Initially, people needed convincing the internet was safe but once it was clear how fast and effective online selling was, the business began to thrive.
And central to that is how founder Alison Roeves and her small knowledgeable team understands the emotional stress that comes with buying and selling a horse – whether it’s a first pony or a 5* horse.
“We strive to maintain the integrity wherever possible. A member of staff reads and approves every single advert before it goes live,” says Alison.
“We encourage all buyers to spend some time doing their research prior to committing to a sale and try to ensure they understand the differences between buying from a trade or private advertiser. There are benefits to both avenues and it’s always worth exploring our dealer pages.”
The right fit
It’s one thing having a dream, but riders have to be realistic about what is within their reach. It’s not just skill level, but finding the right fit with family and work is vital to a long and happy partnership.
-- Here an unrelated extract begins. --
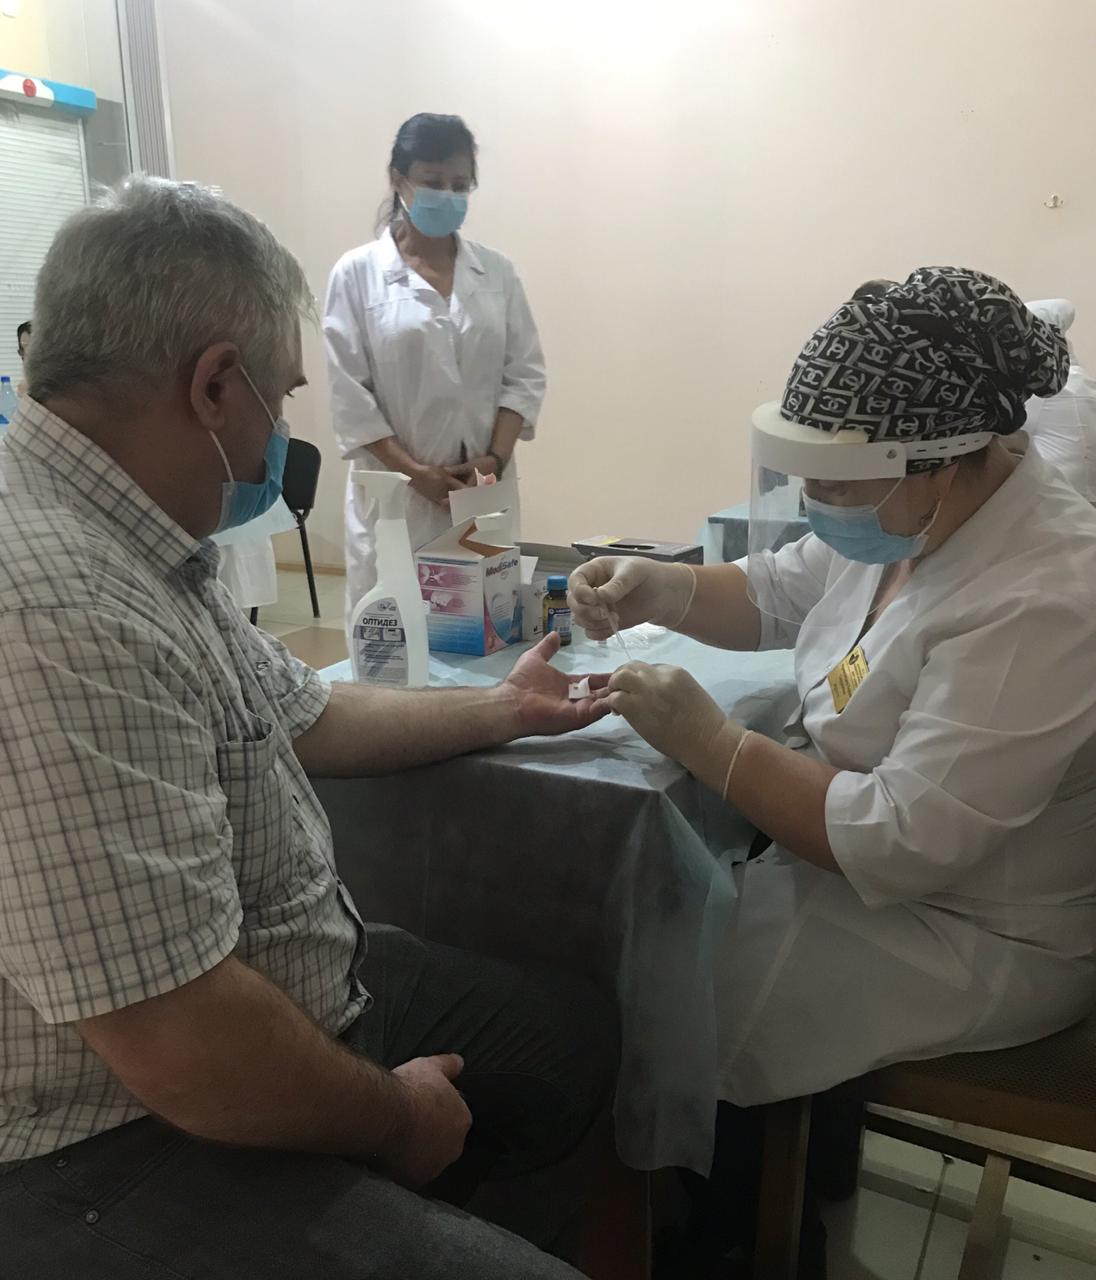 Акция по обследованию населения на COVID-19 продолжилась накануне в местах с высокой проходимостью людей - на втором рынке г. Махачкалы и супермаркете «Седьмой континент»

To avoid getting it wrong, some riders take a trainer with them when trying out a horse to avoid a mismatch. Some of the more reputable sellers, such as DHI, also offer guidance and advice to clients, an approach Heidi says that goes down well. After all, horses are not cheap and Heidi says most in the eventing community agree horses deserve the best possible future.
“Serious buyers are very aware of their own limitations and I feel it’s my job to make sure I don’t put any rider on a horse that won’t be suitable to their needs – whether they want to try it or not,” Heidi reasons.
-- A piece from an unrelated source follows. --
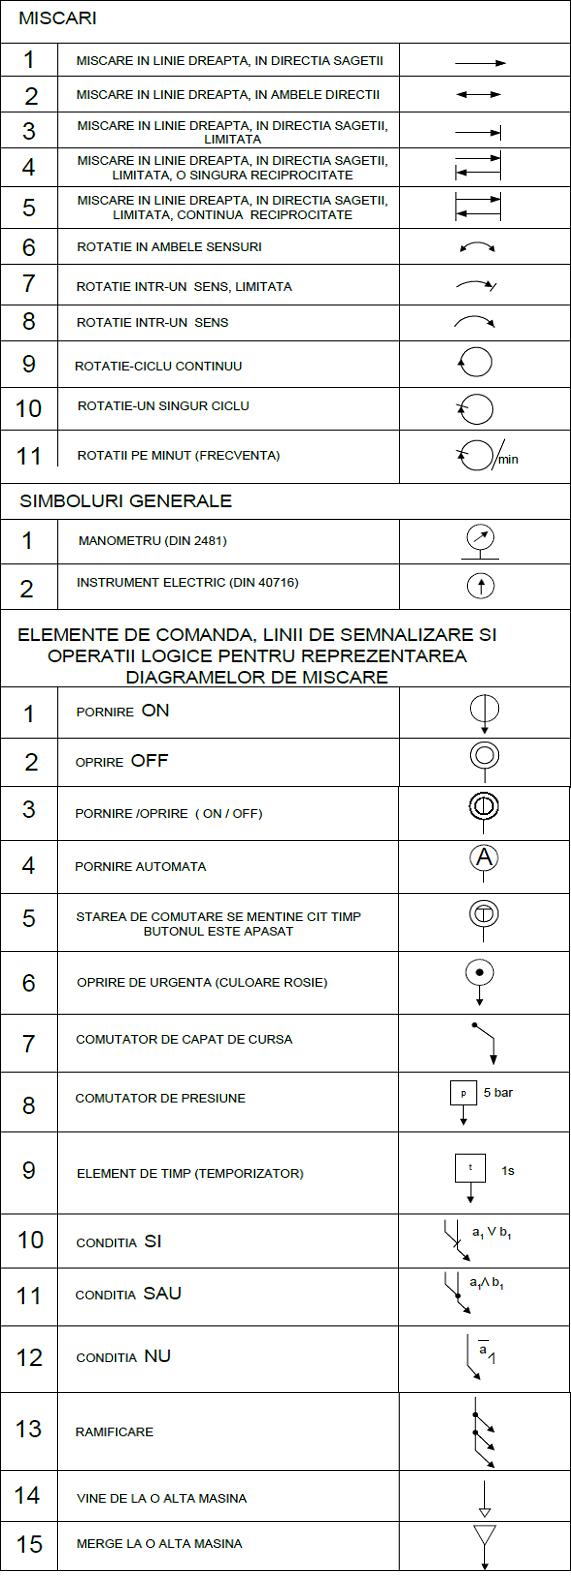 scheme pneumatice 10 miscari si elemente de comanda

“Ian and I have years of experience training riders from Pony Club to international level and I’d like to think that people trust our input. We’ll always say if a horse isn’t going to be suitable for a rider.”
For the Woodheads and indeed any professional dealer, a good reputation is built on honesty and good matchmaking. It makes sense that horses produced with time, energy and care should go to good homes where they will excel. This in turn promotes the business they came from.
Kerrie’s horses are mostly green four-and five-year-olds, and she establishes good habits from the start. But it wouldn’t take much for a more novice rider to come unstuck; youngsters need riders to guide them, not the other way around.
“I don’t have anything sharp,” she adds. “They are youngsters who have been lightly backed and ridden away. They haven’t been schooled so I work on that and the finer arts. They must have a good temperament – I can’t sell anything I don’t believe in.
“[Riders] want someone honest, who will tell them if they haven’t got something for them and point them in the direction of someone who might. It’s about matching the right horse to the right buyer and it has to be what I say it is.”
Honesty, quality and trust. Get those ingredients right and that dream purchase won’t be too far away.